しあわせという檻の中で_4

 彼の家で働き出して、もうそろそろ一年が経つ。つまり結婚記念日が近いと言うことでもある。
 彼は非常に浮き足立っていて、何かいいところでの夕食を予約しているらしい。詳細を聞いても教えてもらえなかったが、当日の夜そこへ連れていくと言う。
「私は何か準備しておく必要ありますか?」
「別に。いつも通り過ごしてればいーけど?」
 いいところでの夕食って、ドレスコードとかそういうのがあるんじゃないだろうか。
「オマエが気にする必要ねぇよ。オレが全部手配しとくから」
 その日仕事終わったら迎えにいくから待ってろよ、と蘭さんは言った。

 記念日当日になった。インターホンが2回鳴らされる。蘭さんだな、と思って玄関ドアを開けた。
 が、そこにいたのは見たこともない男。
 どちら様でしょうか、と言う前に、スタンガンを首筋に押し付けられた。ひりつくような痛みとともに、私は気を失った。
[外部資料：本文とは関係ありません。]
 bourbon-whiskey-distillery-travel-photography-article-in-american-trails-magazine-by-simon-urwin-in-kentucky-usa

 次に目を覚ますと、私は知らない場所にいた。手足を動かそうとして、椅子に縛り付けられていたことを自覚する。
 あっちょっと待って。玄関の鍵閉めてない……! 空き巣に入られる……!!
 何か目の前で知らない男がずっと喋ってても、玄関の鍵閉めてないことがずっと気にかかって何も頭に入ってこない……。うすらぼんやり「大人しくしてろよ」と聞こえてくるから、多分人質になってるんだろう。そんな経験初めてだから実感が湧かないけど。
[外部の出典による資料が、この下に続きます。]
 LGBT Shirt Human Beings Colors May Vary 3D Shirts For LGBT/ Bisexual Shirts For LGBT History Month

 でもどうして私を攫うのだろう。私自身に価値があると思えないし。もしかして、蘭さんは何か人に恨まれるような仕事をしてるのだろうか。あんなに穏やかで優しい男なのに?
 色々考えていたら、男は誰かに吹っ飛ばされた。
 知らない男を吹っ飛ばした誰かは、私を見てガッと抱きついた。その人は、蘭さんだった。
「……怖かったろ?」
「はい」
 確かに怖かった。玄関の鍵開けっぱなしで攫われたから、戸締りのことどやされるんじゃないかって。
「……じゃ、帰んぞ」
「あの夕食は」
「行けんのか? 無理だろ。そんなに震えて」
 そこでようやく気づいた。私の体がガタガタ震えていることに。本当は、戸締りとか攫われた理由なんてどうでもよくて、自分の身に危険が迫っていた事実から目を逸らしていただけだったみたいだ。
 拘束を解いてもらっても、まだ私は膝が笑って立てない。見かねた彼は、私をそのまま抱き上げる。
「立てないんじゃしょーがねぇだろ。じっとしてろ」
 私は黙って頷くことしかできなかった。それから車に乗せられて家に戻り、やっとまともに呼吸できたような気がする。
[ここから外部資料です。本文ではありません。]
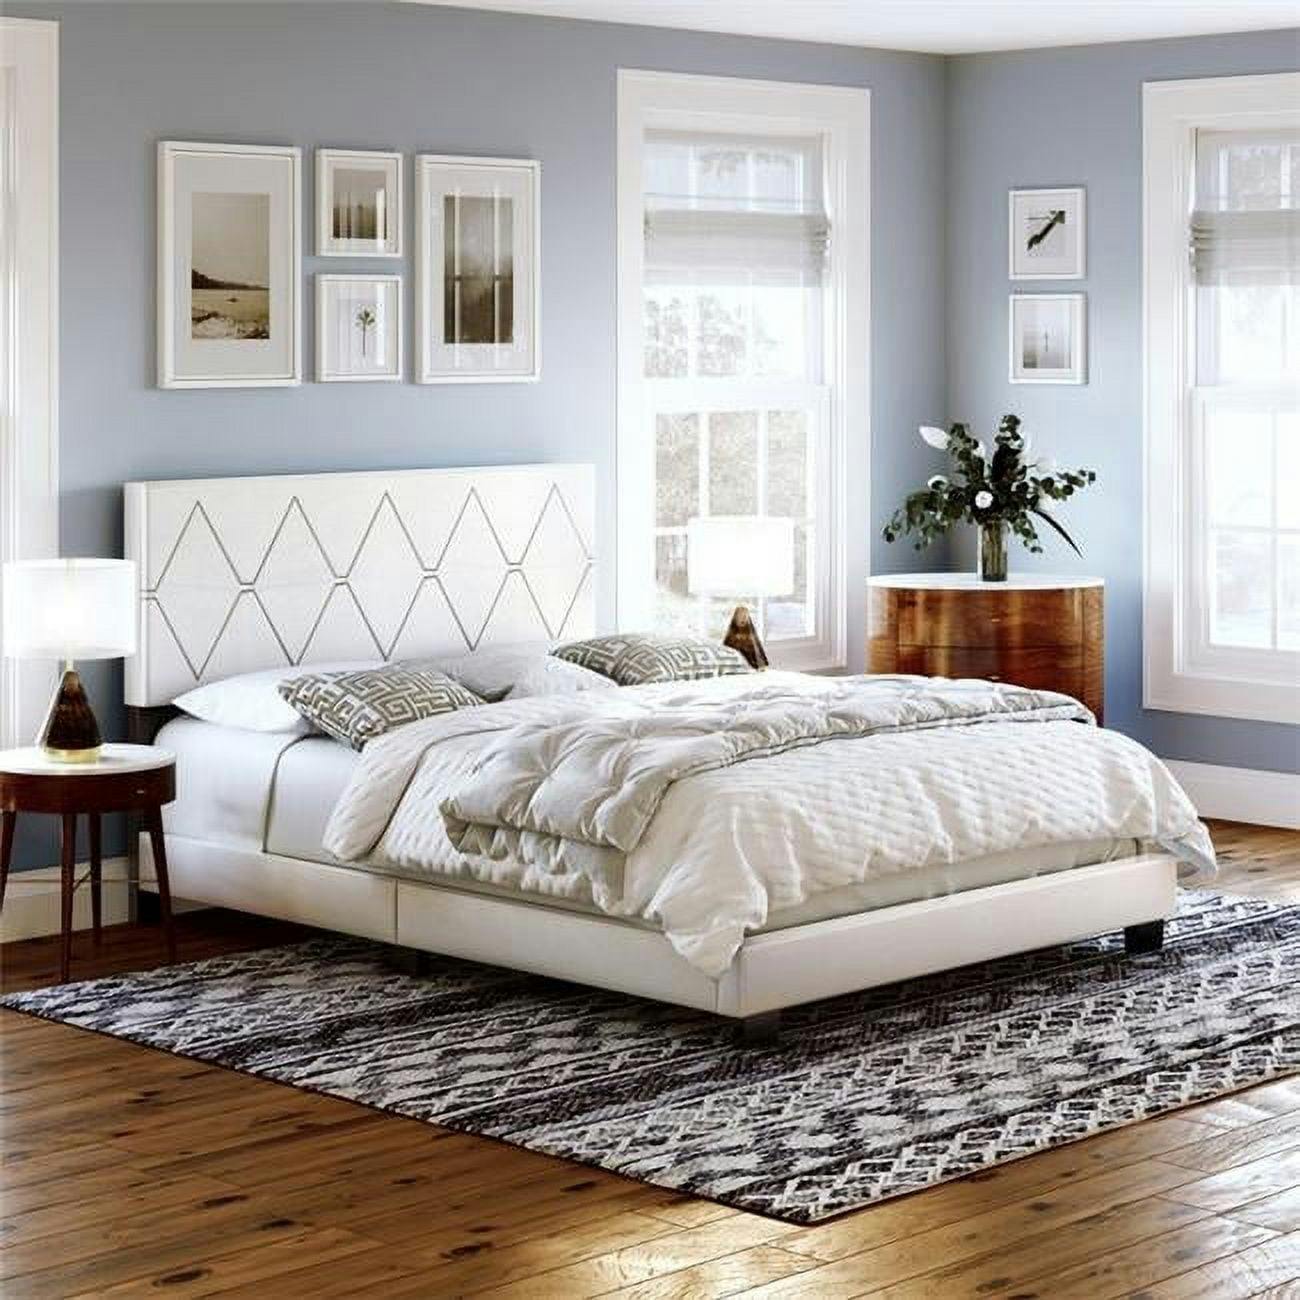 Ciara Contemporary Full Double Diamond Stitched Faux Leather Platform Bed

 久しぶりの外出が、こんな酷い結果になってしまうなんて誰が思っただろう。
「ナマエ、落ち着いたか?」
「はい。蘭さんが助けに来てくれて、家まで戻ってこれたので。今は安心しています」
「じゃ、明日改めて記念日祝うか」
「はい! ところで、蘭さん」
「ん?」
 少しだけ躊躇ったけど、思い切って言葉を放つ。
「……その。今日は、い、一緒に……お風呂、入りませんか」
 今日だけは眠らずに、彼の温かさを感じていたかったから。彼は返事をする代わりに、私の手を引いてバスルームへと向かっていった。

※予約していた夕食は、竜胆と鶴蝶が代わりに行って満喫したらしい。